Closed vlas-sokolov closed 3 years ago
Thanks for your interest in MegaDetector.... we don't have a code snippet for resuming training, unfortunately, but I'm not sure I would recommend that anyway. MegaDetector v4 is based on TensorFlow 1.x, which is starting to get pretty out of date, and you'd probably have to do a bunch of work to manage an outdated training environment. We will be releasing a new version later this year that will (with very high probability) move to TF 2.x.
Regarding the false-negative/false-positive balance... a couple things I would add:
1) There definitely exist ecosystems and species that just give MDv4 a hard time. These are exactly what we're trying to address with MDv5! In fact one of our MDv5 training data sets is basically "tiny squirrels hiding in tall grass". :) But for now, there's always a possibility that you simply have animals MD can't reliably find, and MD isn't the solution for you.

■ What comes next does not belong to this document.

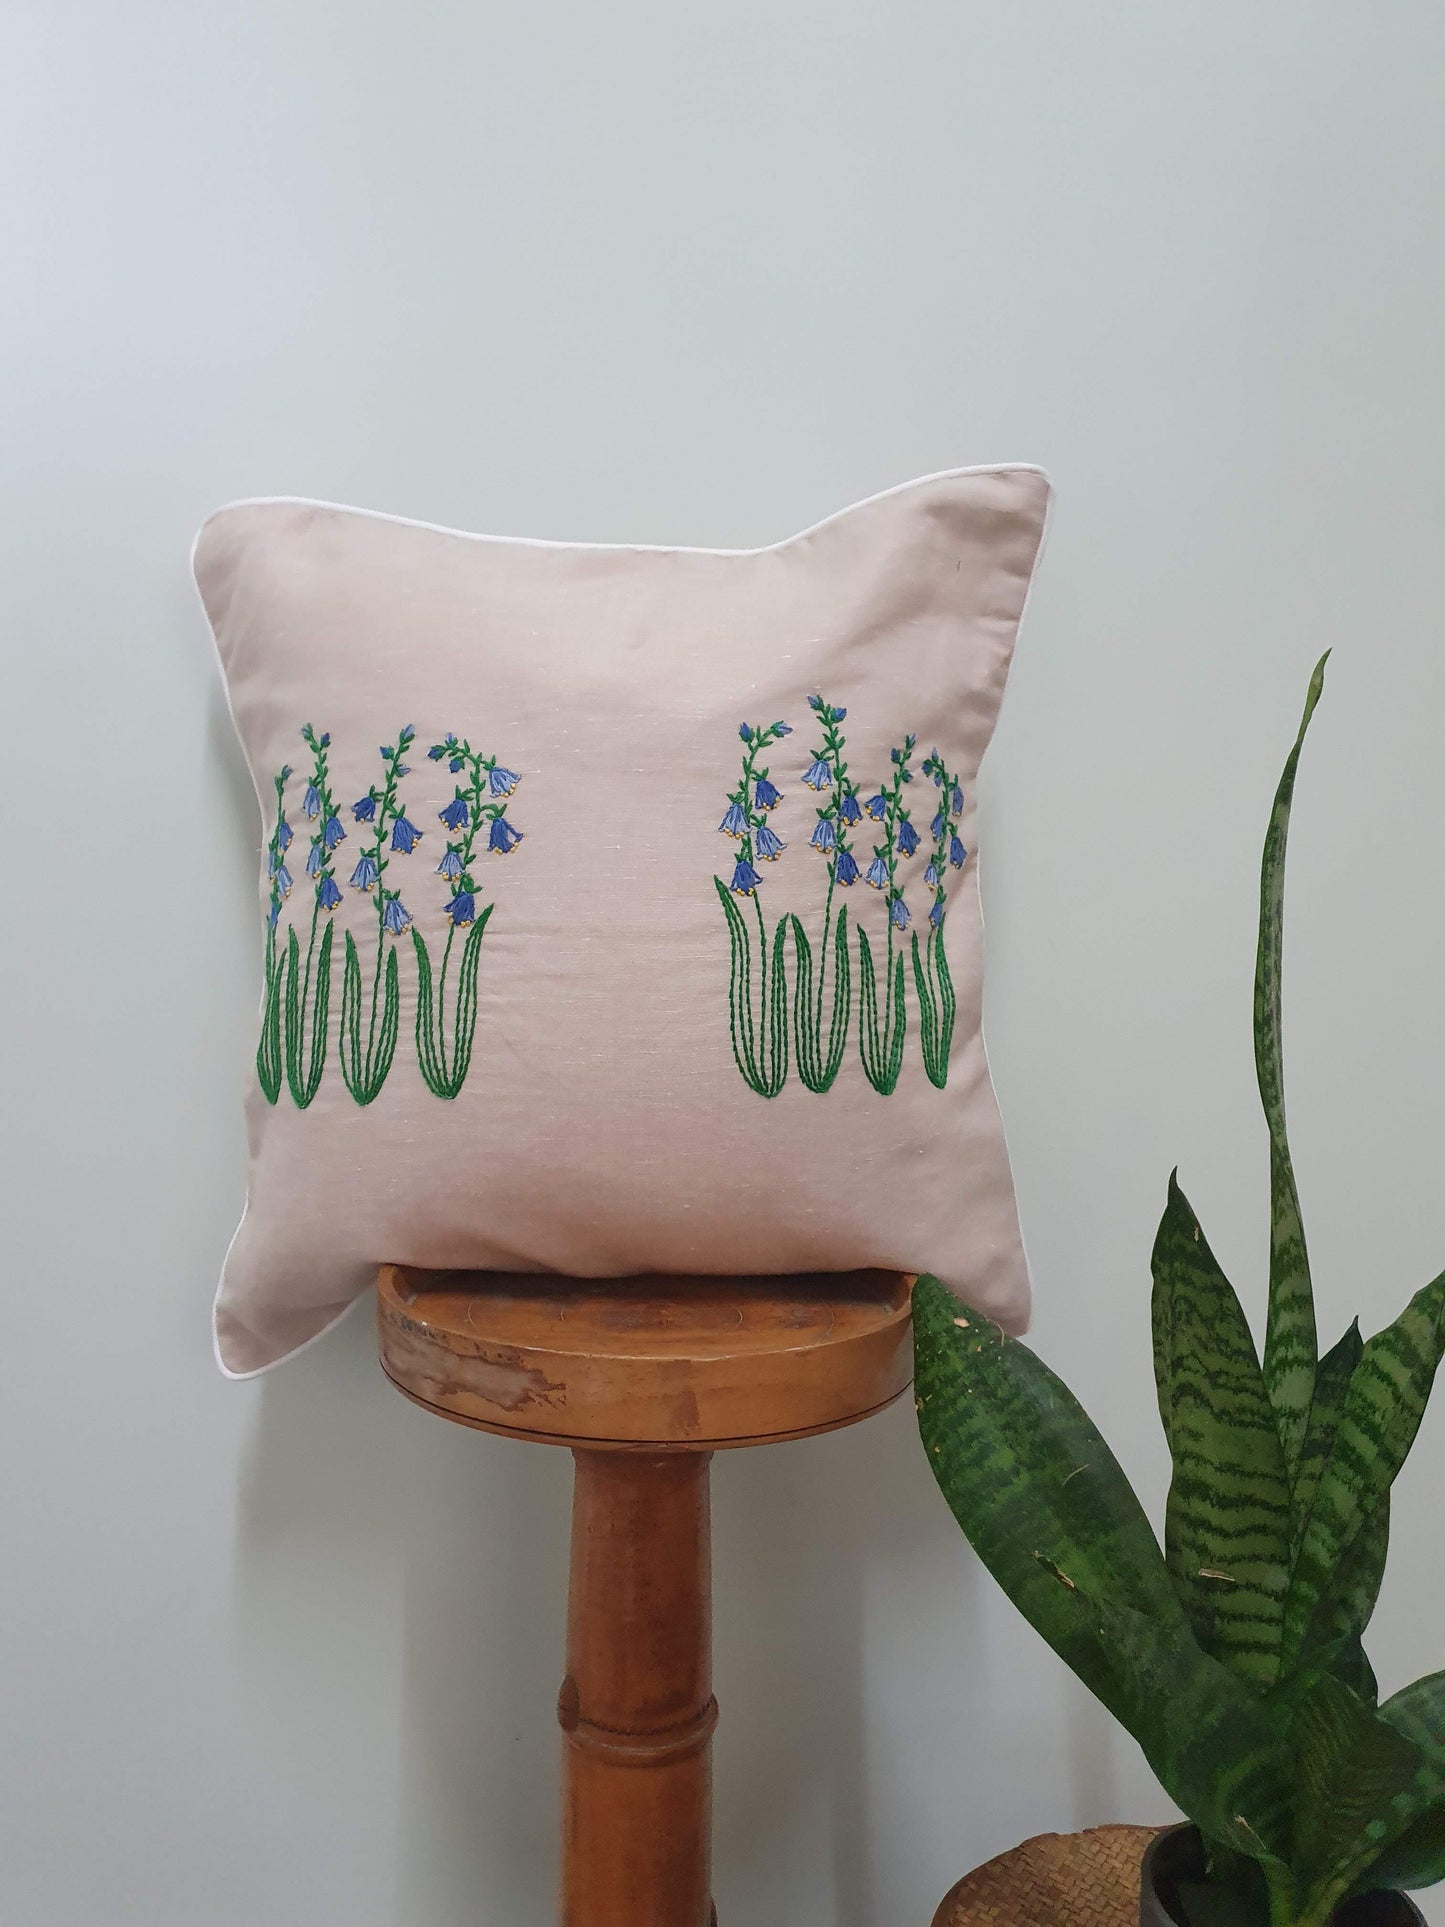 Ikali – Lavender Wreath - Hand-embroidered Cushion Cover Set (Set of 2)

2) That said, I would start by seeing whether there are lower-confidence detections on those animals. If you're getting those detections at 50% confidence, that may be fine, which brings us to...
3) Regarding false positives... first, we encourage users to think of MD as a way to accelerate image review, not to automate, so you will bang your head against the problem if you aim for 0% false positives. We typically try to get to a level of false positives that will still save our users more time than it takes to add a new step into their workflow, often this is somewhere around 80% precision, as long as we can get very high recall at that level of precision. So if you're somewhere around there, I'm not sure I would spend too much time trying to get rid of every false positive.
4) That said, this very inelegant technique has been magical for repeated false positives due to sticks, rocks, etc.:
https://github.com/microsoft/CameraTraps/tree/master/api/batch_processing/postprocessing/repeat_detection_elimination
It takes a little practice, but once you get the hang of it, you can get rid of hundreds of thousands of false positives in just a few minutes of semi-automated image review.
Hope that helps! If you find that you're just in one of those situations where MDv4 can't reliably find your animals, stay tuned for MDv5, and report back here!
Thanks.
-Dan
Hi Dan, thanks a lot for your reply! Will be looking forward for a new detector version. On point 3: I'm aware of the precision/recall tradeoff and wasn't expecting a perfect detector - I was simply wondering what are the available tools, tips, and tricks to leverage that balance. Your reply sums that up nicely.
In the meanwhile, the postprocessing script you've linked too looks absolutely fantastic. It looks like something I was afraid I'd have to write myself. Again, thanks a lot for making these available! :1st_place_medal:
I'm going to close the issue now.
Just wanted to chime in with an update in case anyone else stumbles upon this. The script tools linked above worked like a charm with a few tricks:
repeat_detections_core.py
, because remove_repeat_detections
f-ion doesn't allow for options to be passed from command-line driver.find_repeat_detections
are quite sensitive to the project setup, and esp. occurrenceThreshold
value depends heavily on how many images from a given location exist.Other than this, it was a huge time saver to weed out the false positives!
Glad it worked out! Yes, it takes a little fine-tuning and intuition, but it's magical once you get it going. We typically use an occurrenceThreshold of ~10 (below that it isn't really meaningful), but for very large projects (millions of images, with tens of thousands per camera) where we don't really want to spend a long time on the repeat detection process, we'll bump that up to as much as 50.
Hi all! That's a lot for making this fantastic work available, the collective usefulness of the tools provided is truly staggering.
I was trying out MegaDetector and it's working really well. However, it consistently misses some smaller animals that are partially obscured in the grass (so, false negatives), and sometimes has a tendency to pick up inanimate objects like tree stumps as animals (false positives). Confidence thresholding doesn't help to weed out those false positives as it comes at a high price - basically, I'd have to set a threshold close to unity and miss on a lot of robust animal detection that way.
I see that there are checkpoints available for the 4.1 detector version, and was wondering if there's a code snippet one can use for continuing the training?
Alternatively (a bit of a general question, sorry), are they any good strategies to mitigate the issues above?